Чувство голода постепенно притупляется: запах пищи, первые дни мучительно раздражавший нос и вызывавший бешеное слюнотечение, постепенно теряет свою привлекательность. На пятый день я его не чувствую. На шестой день появляется седой полковник, начальник спецобъекта. Уговоры. Угрозы. Просьбы. Я твёрд, как камень. Я вяло танцую вокруг стола, заваленного яствами.
На шестой день вечером входит дежурный надзиратель, опускает койку и тычет в неё пальцем. Не понимая, что он хочет, я осторожно сажусь. Внезапно врываются солдаты, опрокидывают меня навзничь и откуда-то взявшийся фельдшер вставляет мне в нос резиновую трубку и начинает вливать в желудок горячий наваристый мясной бульон. Всё происходит в один момент. Когда я вскакиваю, то чувствую, как мой пустой живот раздут и приятно согрет. Надзиратель бросил мне грубо:
— Голодовка кончена, понятно? Вы накормлены! Теперь голодать бесполезно: лучше садитесь и ешьте. Понятно? А?
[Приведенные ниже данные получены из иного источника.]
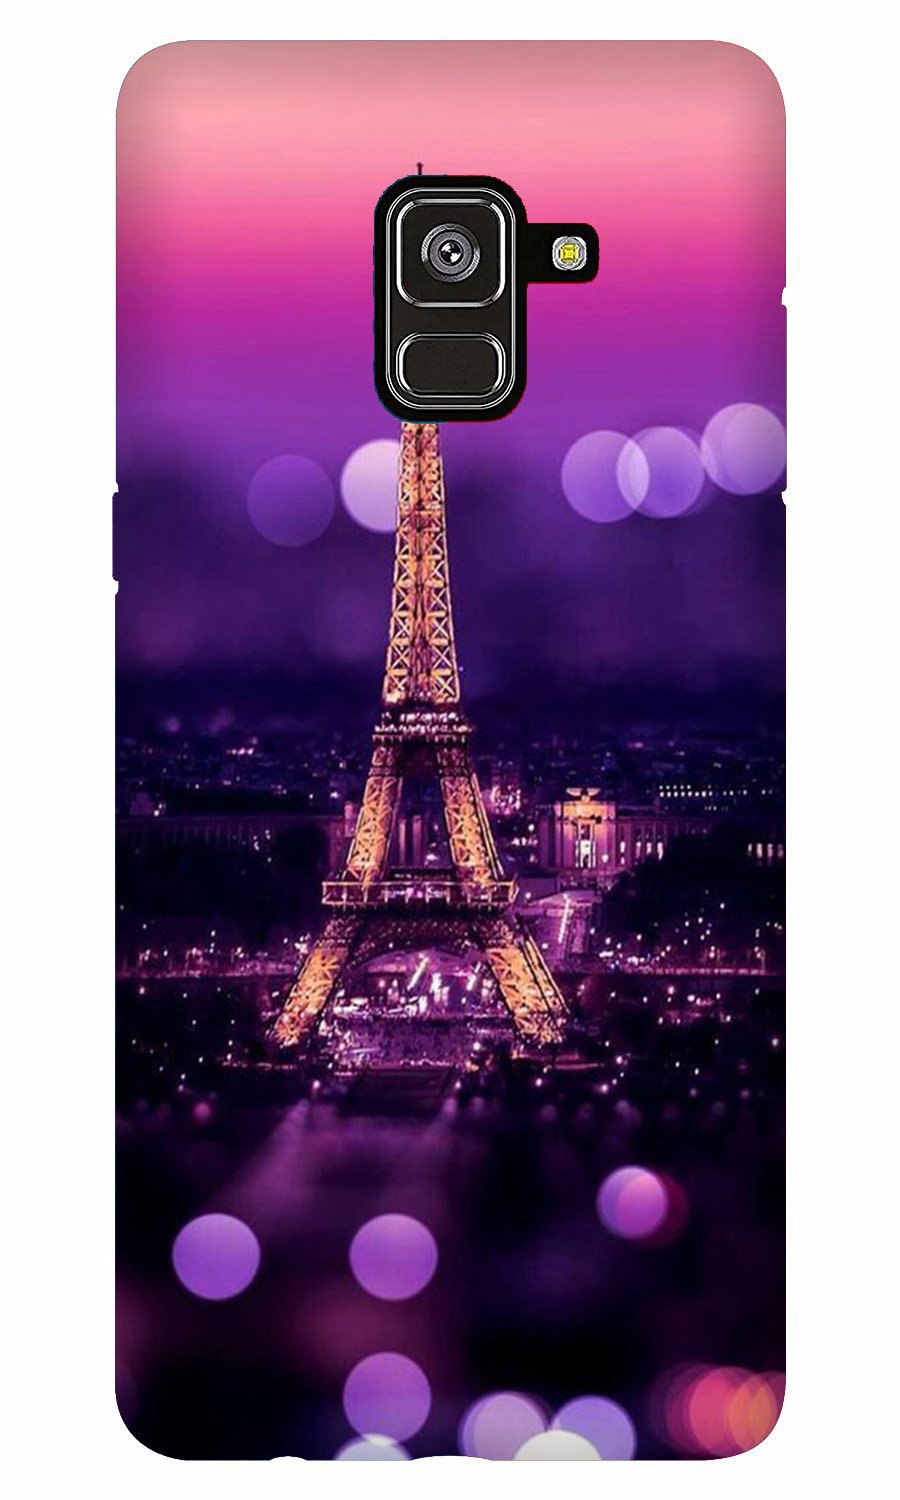 Eiffel Tower Case for Galaxy A5 (2018)

Говорю — понятно или нет? Кушайте! Иначе будем кормить через нос три раза в день столько дней, сколько нужно, чтобы показать вам бесполезность такого номера! Вам это не понравится очень скоро.
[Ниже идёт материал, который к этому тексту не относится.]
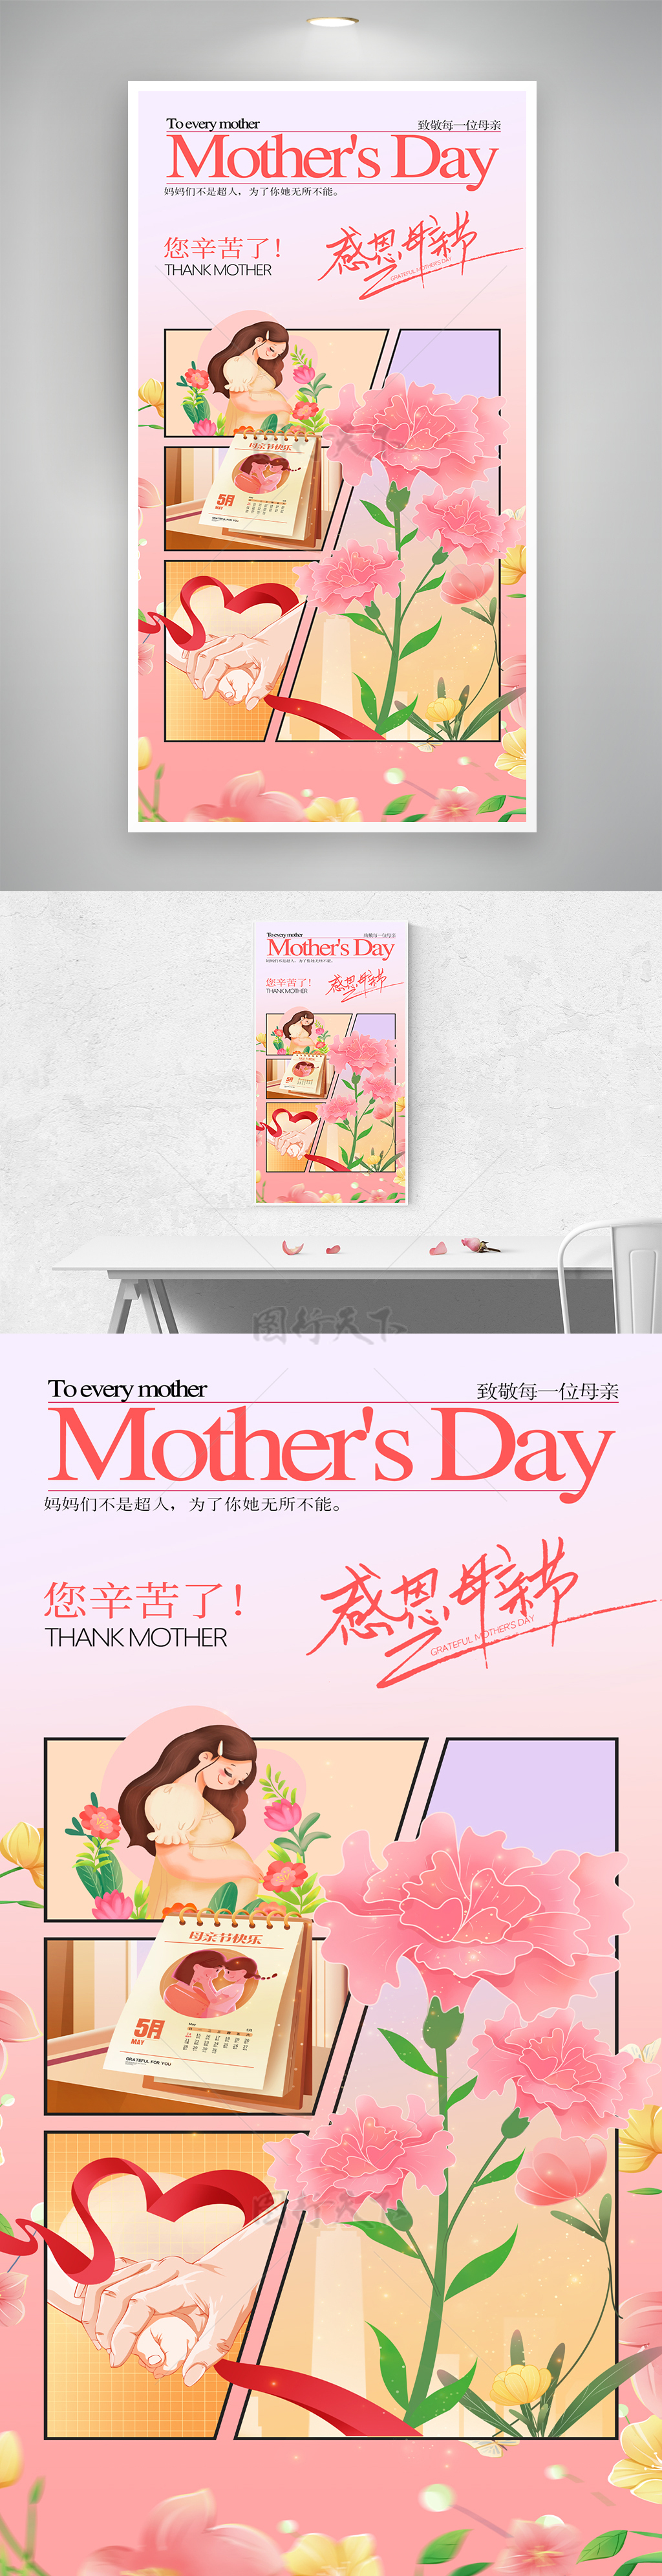 创意分镜母亲节日历康乃馨宣传海报

Они убирают все лишние яства и оставляют скудный ужин. Когда все ушли, я присел к столу и с аппетитом поел. Голодовкой я не добился цели — клочка бумаги и карандаша.
Но если она не принесла прямых результатов, то дала косвенные: я получил очень ценные сведения о приёмах тюремного начальства — сроках допускаемого воздержания от пищи, о технике усиленного надзора, внезапных переходах от уговоров к угрозам. Обдумав все подробности, я установил очень важный факт: после объявления голодовки заключённого не обыскивают. А это меняло дело, то есть облегчало борьбу: ведь не даром же я бывший разведчик! Глаз у меня намётанный, острый — разведчик должен быстро находить щели в крепостных сооружениях противника!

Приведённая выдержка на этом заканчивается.